Pennsylvania Federal Court Dismisses Religious Discrimination Class Action Challenge to Healthcare Employer’s Mandatory COVID-19 Vaccine, Testing Requirements

Posted on: September 22, 2022
In: Labor & Employment

gavel next to covid-19 vaccine, syringe and three small wooden doll figures

By: Lewis Brisbois' Labor & Employment Team

On August 26, 2022, a putative class action brought on behalf of over 100 employees of a healthcare clinic, challenging the clinic’s policy requiring that its employees either receive COVID-19 vaccines or be tested twice weekly for the virus, was dismissed by the U.S. District Court for the Middle District of Pennsylvania. The court rejected the claim that the employer’s COVID-19 vaccination and testing requirements constituted religious discrimination, as well as violations of the U.S. Constitution and state tort laws.

The lawsuit emanated from the healthcare employer’s requirement that all its employees be vaccinated against COVID-19 unless they had a religious or medical exemption. The putative representative plaintiff claimed a religious exemption from the vaccine based on her view that she had a God-given right to make her own choices regarding what is good or bad for her body. The employer permitted her to keep her job on the condition that she undergo COVID-19 testing twice a week, notwithstanding that she worked remotely from home. The plaintiff sought further religious exemption from the testing requirement, stating in an affidavit attached to her complaint that the testing violated her religious belief that testing was a bad choice for her health and body because chemicals and carcinogens are present in the swab and testing material. The employer informed her that it took her refusal to test as a resignation.

The federal court rejected the assertion that the employer refused to offer reasonable accommodations for the vaccine and/or testing mandate in violation of the plaintiff’s religious beliefs. The court agreed with the employer that the plaintiff’s beliefs that the vaccines and tests were harmful and unnecessary were essentially medical concerns, not religious beliefs, and as such they could not support a claim for religious discrimination. According to the court, the plaintiff’s claim of a God-given right to make her own choices would amount to “a blanket privilege” and a “limitless excuse for avoiding all unwanted . . . obligations” and “would be a step too far to count everything plaintiff believed about healthy living as a religious practice.”
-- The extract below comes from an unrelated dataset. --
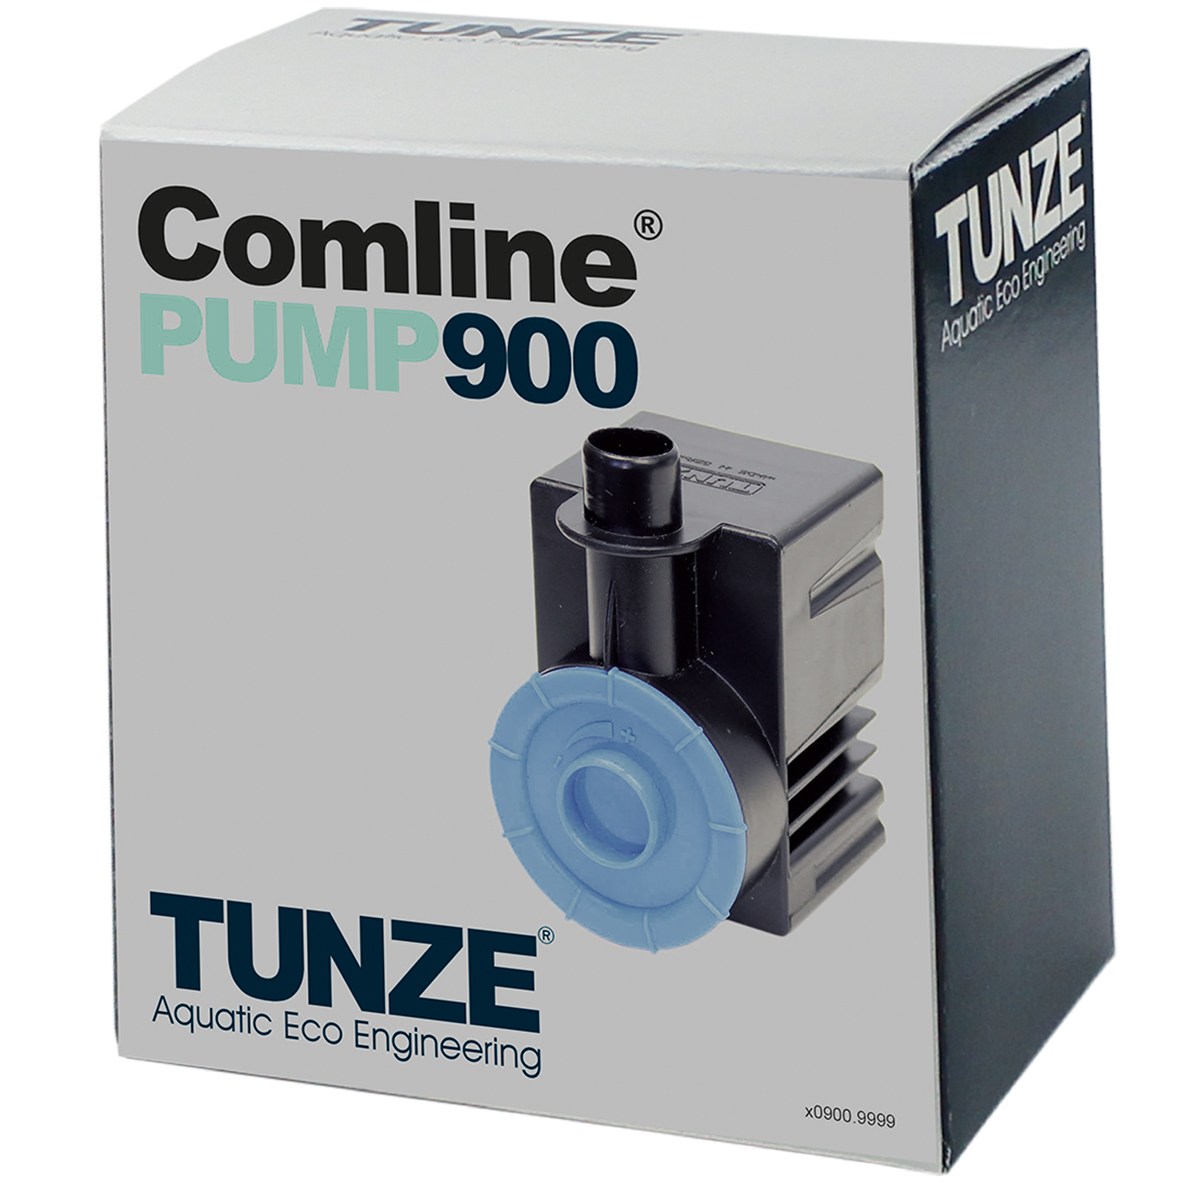 Comline® Pump 900
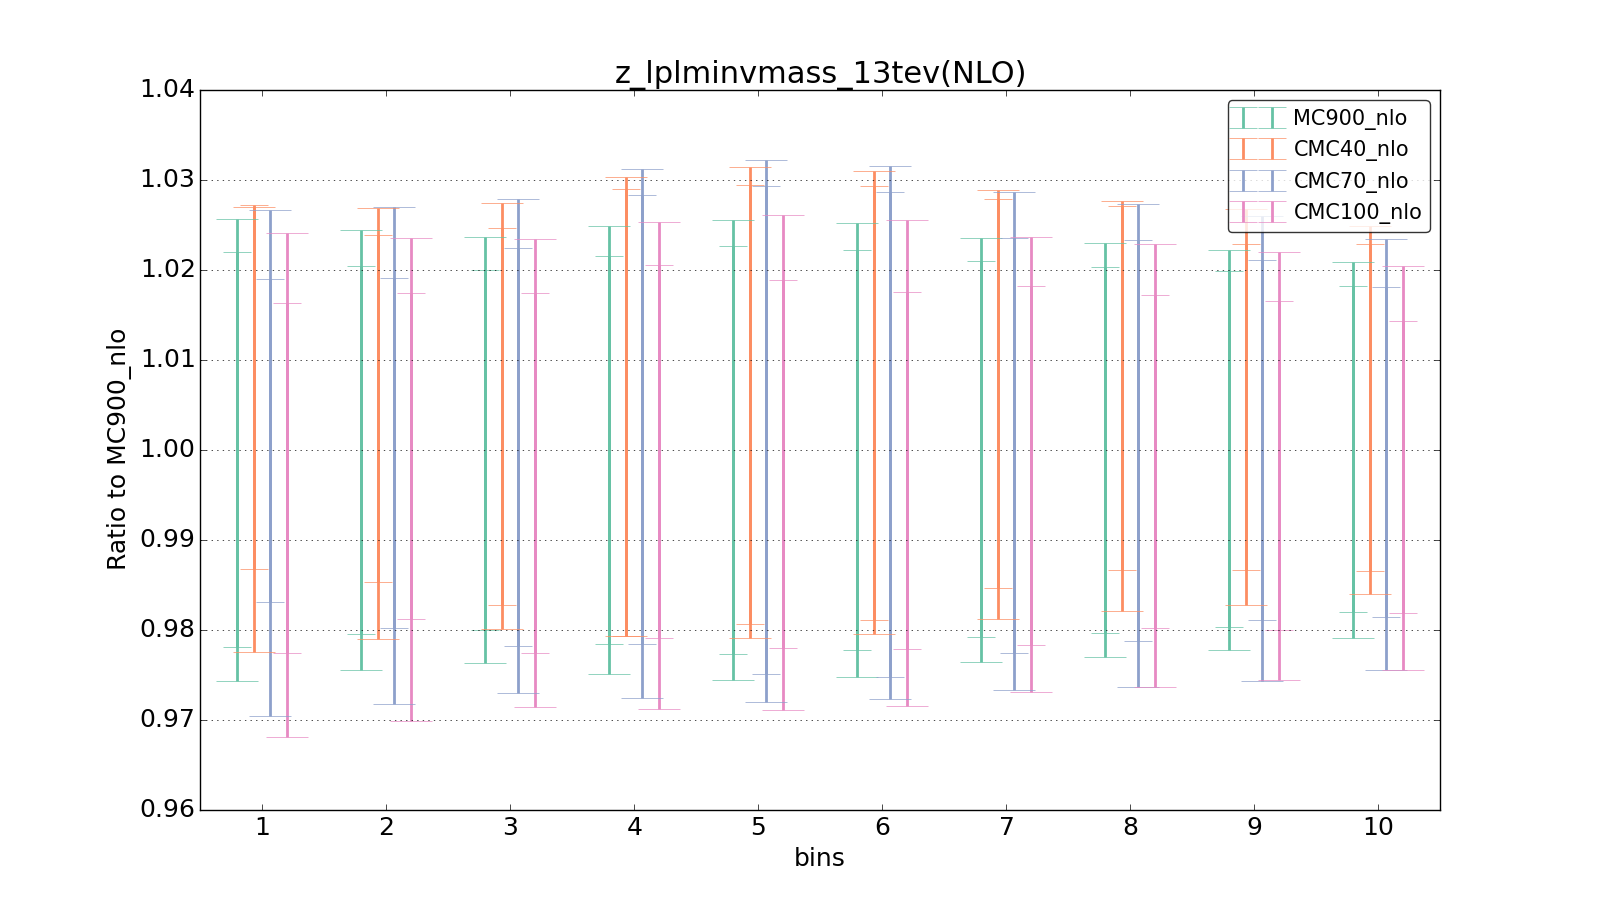 figure plots/CMCpheno/group_1_ciplot_z_lplminvmass_13tev(NLO).png

In addition to dismissing the claim against the employer for religious discrimination, the court dismissed the plaintiff’s claims that the vaccine and testing mandates violated her rights under the Fifth and Fourteenth Amendments, which failed because the employer did not assume the role of the state in requiring COVID-19 vaccines and testing. The court also ruled that the health clinic employer did not act “in concert” with federal officials by implementing the vaccine mandate as a result of the CDC’s recommendations simply because it may have adopted a vaccine and testing mandate in accordance with the CDC’s recommendations. In essence, the court determined that the plaintiff failed to show that the government was responsible for the conduct of the employer and therefore, the health clinic employer was not subject to constitutional scrutiny as a private entity.

The court’s ruling in this case is a favorable one for employers who require COVID-19 vaccines or testing as part of implementing a safe workplace. The decision also evidences that courts may treat an employee’s irrational, unfounded resistance to COVID-19 vaccines and/or testing under the guise of a violation of their religious beliefs as suspect where the employee attempts to couch an unwillingness to be vaccinated or tested based upon fears or medical concerns as a religious belief, despite having no apparent basis in religious doctrine for the position.